Hydrothermal dolomites occur in Precambrian to Cenozoic strata with many models for hydrothermal dolomite emphasizing proximity to faults. Although some hydrothermal dolomites occur adjacent to significant faults, many do not. In this presentation, hydrothermal dolomite are described in three intervals and locations – Wabamun Group (upper Devonian) in western Canada, Swan Hills Formation (middle Devonian) in western Canada, and the upper Pennsylvanian at Reinecke Field in west Texas. In all three areas, petrographic and stable isotope data indicate dolomitization at high temperatures after moderate to deep burial.

Porous dolomites are surrounded by impermeable Wabamun limestones creating stratigraphic traps that are scattered across the southern Peace River Arch in western Alberta. Many hydrothermal dolomites in the Wabamun follow depositional facies and early dolomitization. Some oil fields are adjacent to mappable faults, but many are not. Many of the Wabamun fields were discovered by 3D seismic data targeting anomalies away from faults.

Hydrothermal dolomites in and around Rosevear Field in western Alberta occur in grainstones and grain-rich stromatoporoid boundstones. Adjacent micrite-rich facies are generally not dolomitized creating the stratigraphic trap at Rosevear Field. Hydrothermal brines apparently moved up into platform margin grainstones and then moved long distances along the permeable platform margin and connected embayments.

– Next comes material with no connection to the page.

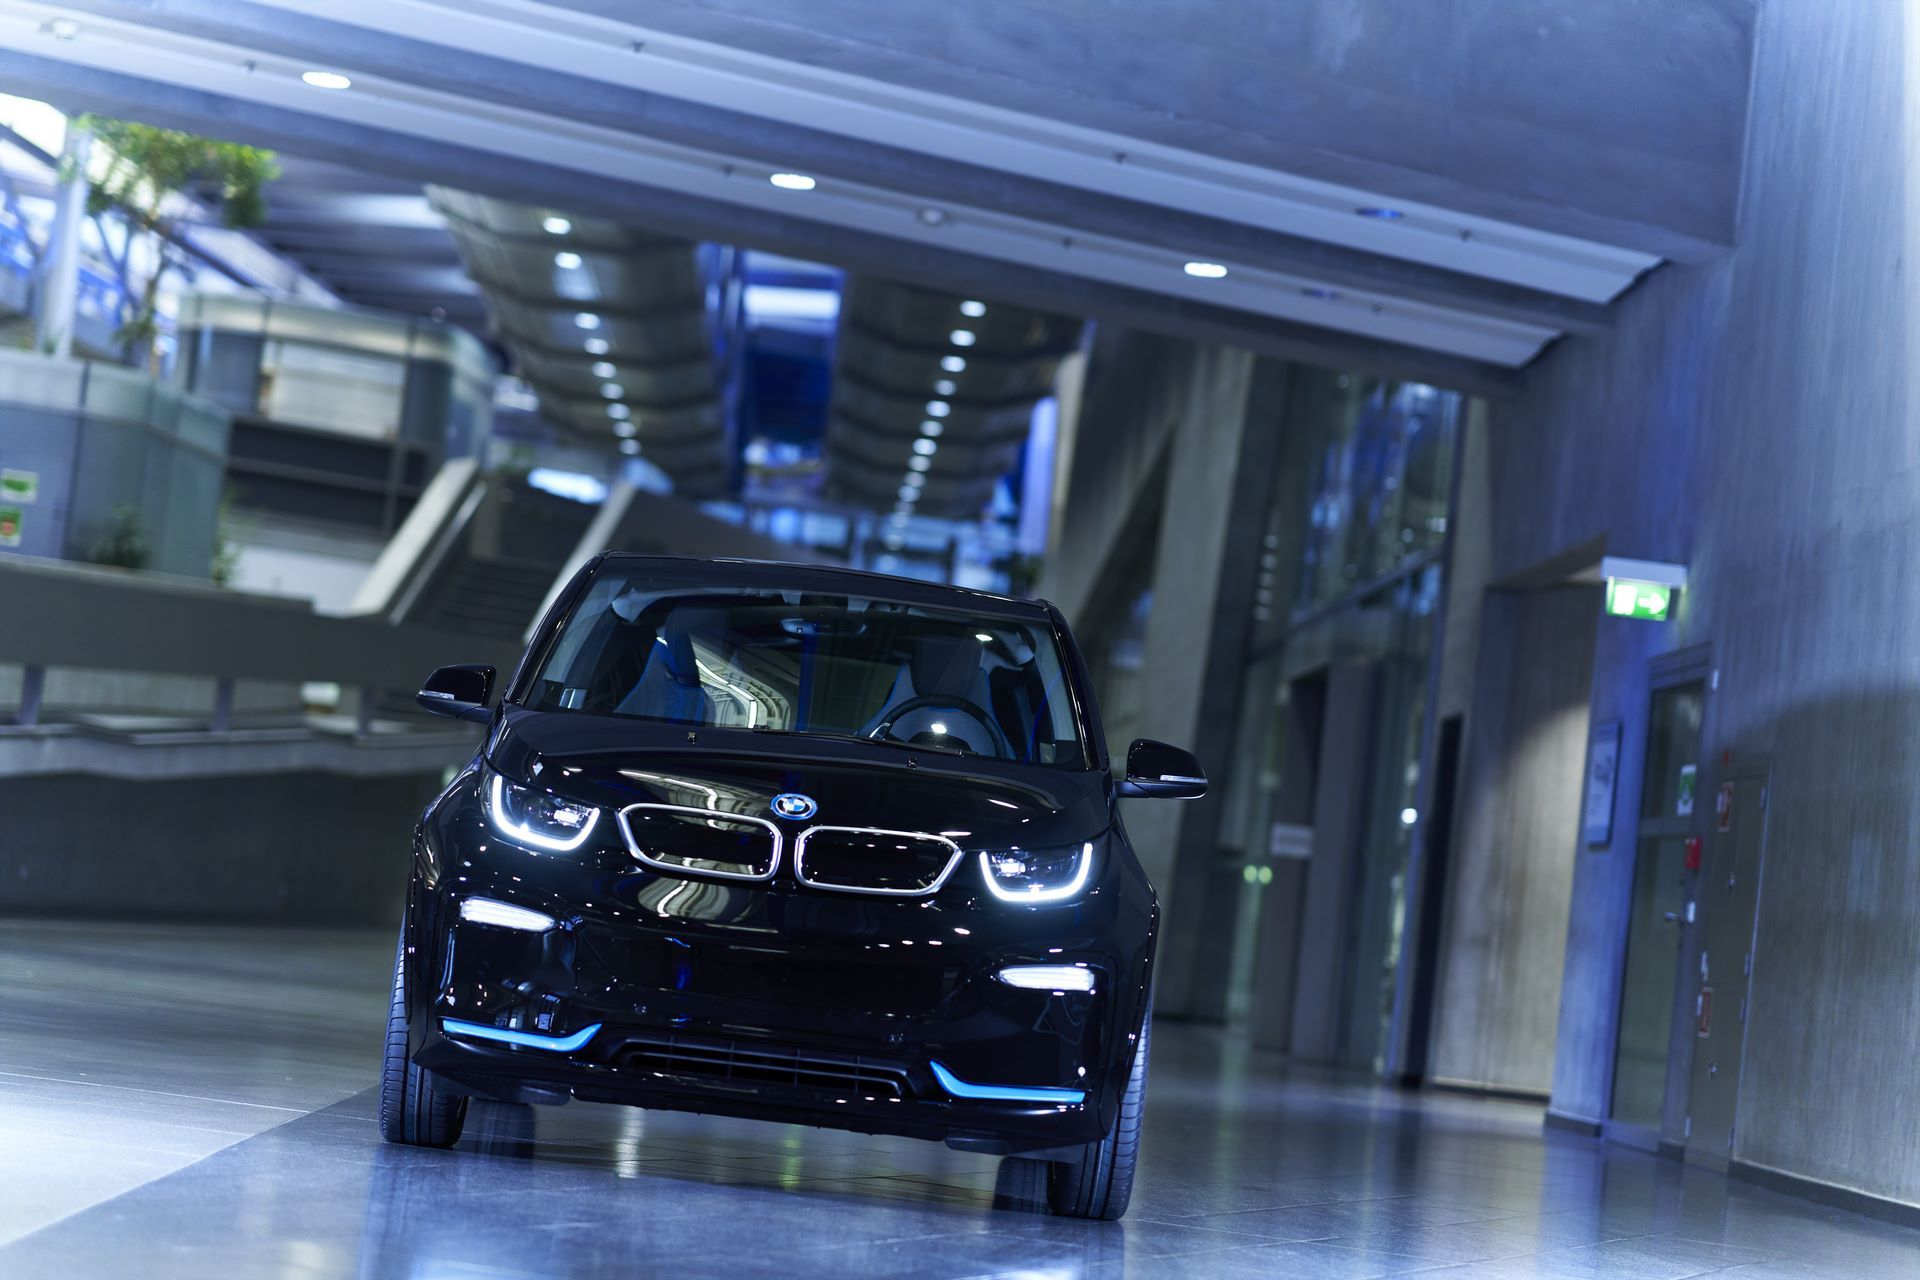 BMW-i8-plant-production-81

At Reinecke Field in west Texas, hydrothermal dolomites occur in an upper Pennsylvanian limestone buildup. The hydrothermal dolomites created high-permeability horizontal and vertical “raceways” within the largely limestone reservoir. Those “raceways” fundamentally affected oil production during primary, secondary and CO2 recovery at Reinecke Field.

Hydrothermal dolomites are important hydrocarbon reservoirs in many parts of the world. They have excellent reservoir characteristic because of their large crystal sizes, vugs, and fractures. Many factors other than faults can control their distribution including depositional facies, early dolomite, highly saline brines in the basin, and convective flow. Careful petrography, collecting stable isotope data, and a good understanding of the basin history can help predict these types of reservoirs in the subsurface.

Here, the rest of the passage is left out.